Anonymous Monk has asked for the wisdom of the Perl Monks concerning the following question:

I have a huge file with the following lines

# run1
# word 26871
# text returns
text
text
text
# run2
# word 26872
# text returns
text
text
#run3

I would like to be able to read the file and get the following output
word 26871
number of text = 3
word 26872
number of text = 2

the program I wrote is posted below and sort of works but gives:

word 26871
number of text = 1
number of text = 2
number of text = 3
word 26872
number of text = 1
number of text = 2

I have some solutions to the above problem but they are very
inefficient some of which include - passing the counts to an array
and accessing the last element of the array that being the total
number of text counts for word. Then clearing the array and
repeating. This seems like a terribly inefficient way to solve this
problem.
I know that I should move the print "the number of text ="
outside the loop. But some of the options I have tried don't exactly
pan out.
Any advice would be much appreciated.
#!/usr/bin/perl -w print "Type in the name of the file you want to read: ", "\n" ; $count = 0 ; $filename =<STDIN> ; # reads in a file that I type in. chomp $filename ; # removes the newline after the filename open(FILE, $filename) || die "I can't read your file, it does not exi +st" ; while (defined ($line = <FILE>)) { if ($line =~ /word/) ## { $name = substr($word, 2, 11) ; print "the word number is: ", $name, "\n" ; + $count = 0 } elsif ($line !~ /#/) { $count++ ; } print "the number of text = ", $count, "\n" ; } close FILE ;

Replies are listed 'Best First'.
Re: Counting between the lines
by bobf (Monsignor) on Dec 14, 2004 at 07:38 UTC

    I'd prefer using a hash, but since you didn't say how big your input files could be and apparently don't need to store the data for any further use, your approach of processing it line by line is just fine. What you have is close - just move a few of the variables around and that should about do it. Here is one way (it's not as elegant as a hash, but it is more like your original code)(tested):

    # use the actual error for open open(FILE, $filename) || die "Error opening $filename: $!"; my ( $word, $count ); # move these out of the loop while (defined ($line = <FILE>)) { if ($line =~ /^# word (\d+)/) # tighten up regex a bit { if( defined $word ) { # print the results for the previous block print "the word number is: $word\n"; print "number of text = $count\n"; } $word = $1; $count = 0; } elsif ($line !~ /#/) { $count++; } } # print the results for the last block of data before eof print "the word number is: $word\n"; print "number of text = $count\n"; ** output from your example data ** the word number is: 26871 number of text = 3 the word number is: 26872 number of text = 2

    Good job using warnings, but you should also use strict.

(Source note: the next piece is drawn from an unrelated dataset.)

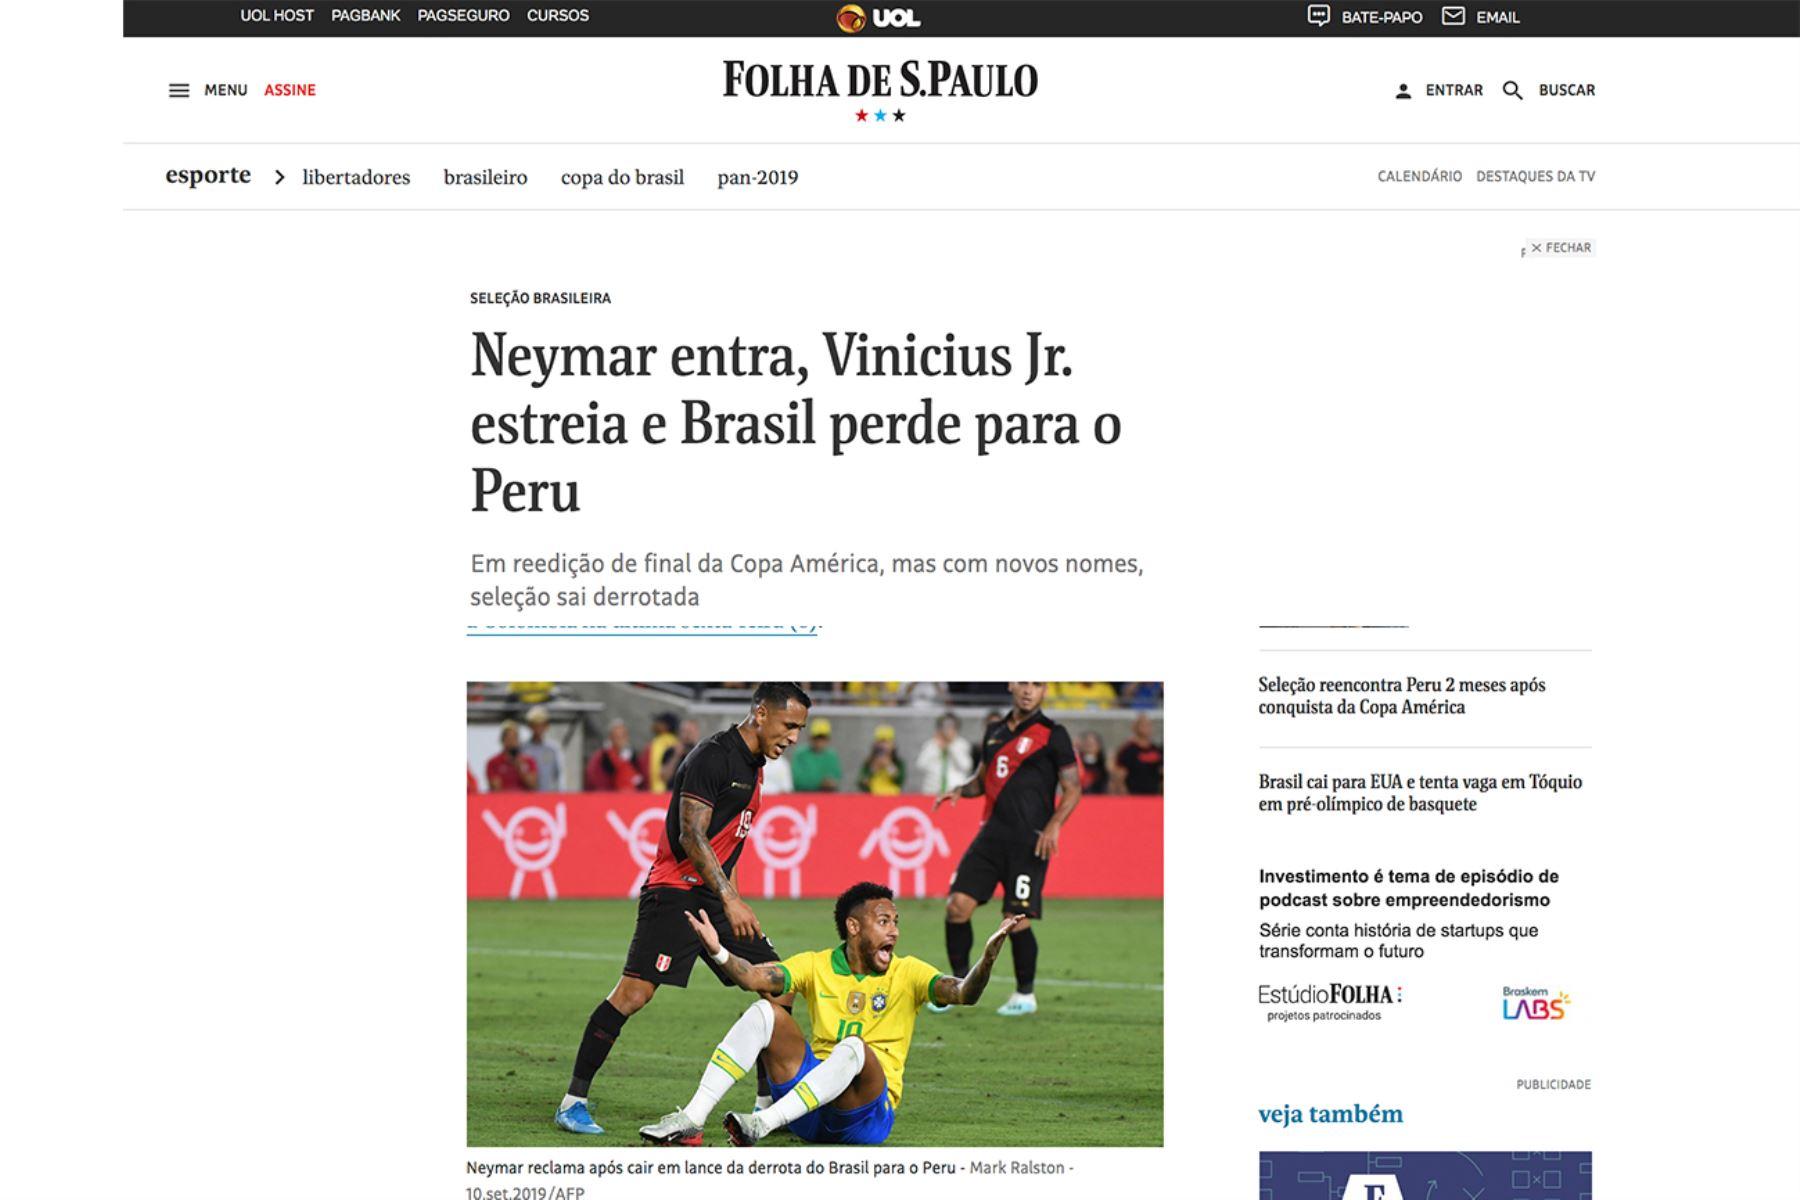 Folha de Sao Paulo, Brasil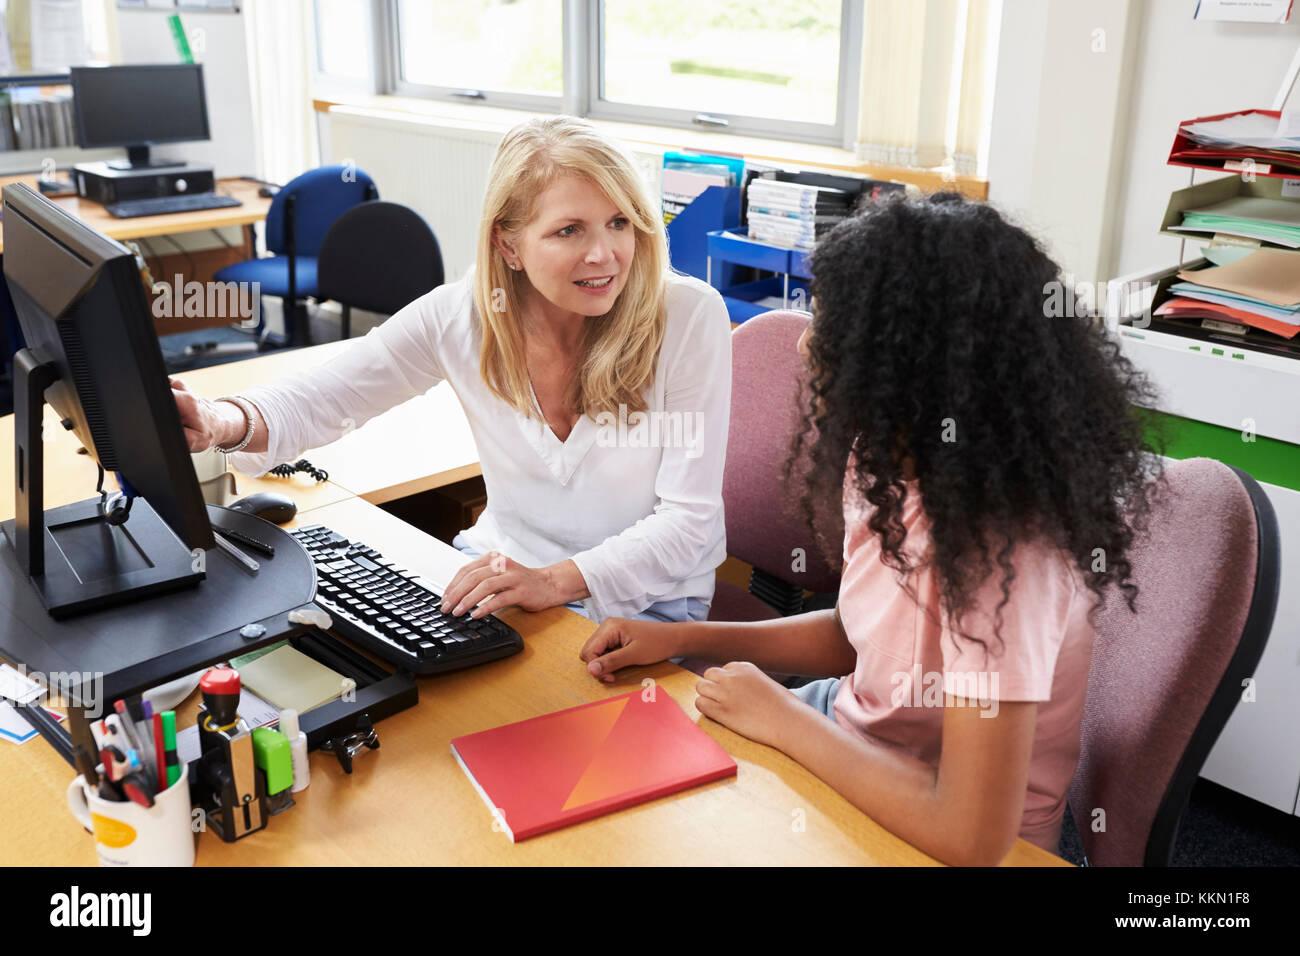 Carriere Advisor incontro collegio femminile Studente Immagini Stock

    Update: I see gaal beat me to the punch. I guess that's what I get for testing... ;)

Re: Counting between the lines
by gaal (Parson) on Dec 14, 2004 at 07:32 UTC
    This is not tested:

    my ($count, $word); while (<>) { $count++ unless /#/; # or maybe /^#/ would be better? if (/^# word (\d+)/) { # or \S+, etc. -- depending on what's +a valid word print "word $word\nnumber of text = $count\n" if defined $word +; $count = 0; $word = $1; } } print "word $word\nnumber of text = $count\n" if defined $word; # h +andle leftover word.

    You can move the conditional output print to a function if duplicating the code bothers you.

Re: Counting between the lines
by wfsp (Abbot) on Dec 14, 2004 at 07:24 UTC
    A hash might be one way.
    #!/usr/bin/perl use warnings; use strict; my %hash; my $name; while (<DATA>){ if (/word\s(\d+)/){ $name = $1; } elsif (! /#/){ $hash{$name}++; } } for my $key (keys %hash){ print "$key $hash{$key}\n"; } __DATA__ # run1 # word 26871 # text returns text text text # run2 # word 26872 # text returns text text #run3
    Output:
    26871 3 26872 2
      As long as the "current word" doesn't return to being one for which we'd already starting counting lines, there's no need to keep the data in memory. Emit it as you gather enough of it.
Re: Counting between the lines
by ysth (Canon) on Dec 14, 2004 at 10:19 UTC
    Nit: the solutions that print a final line after the while loop will fail if there are no words.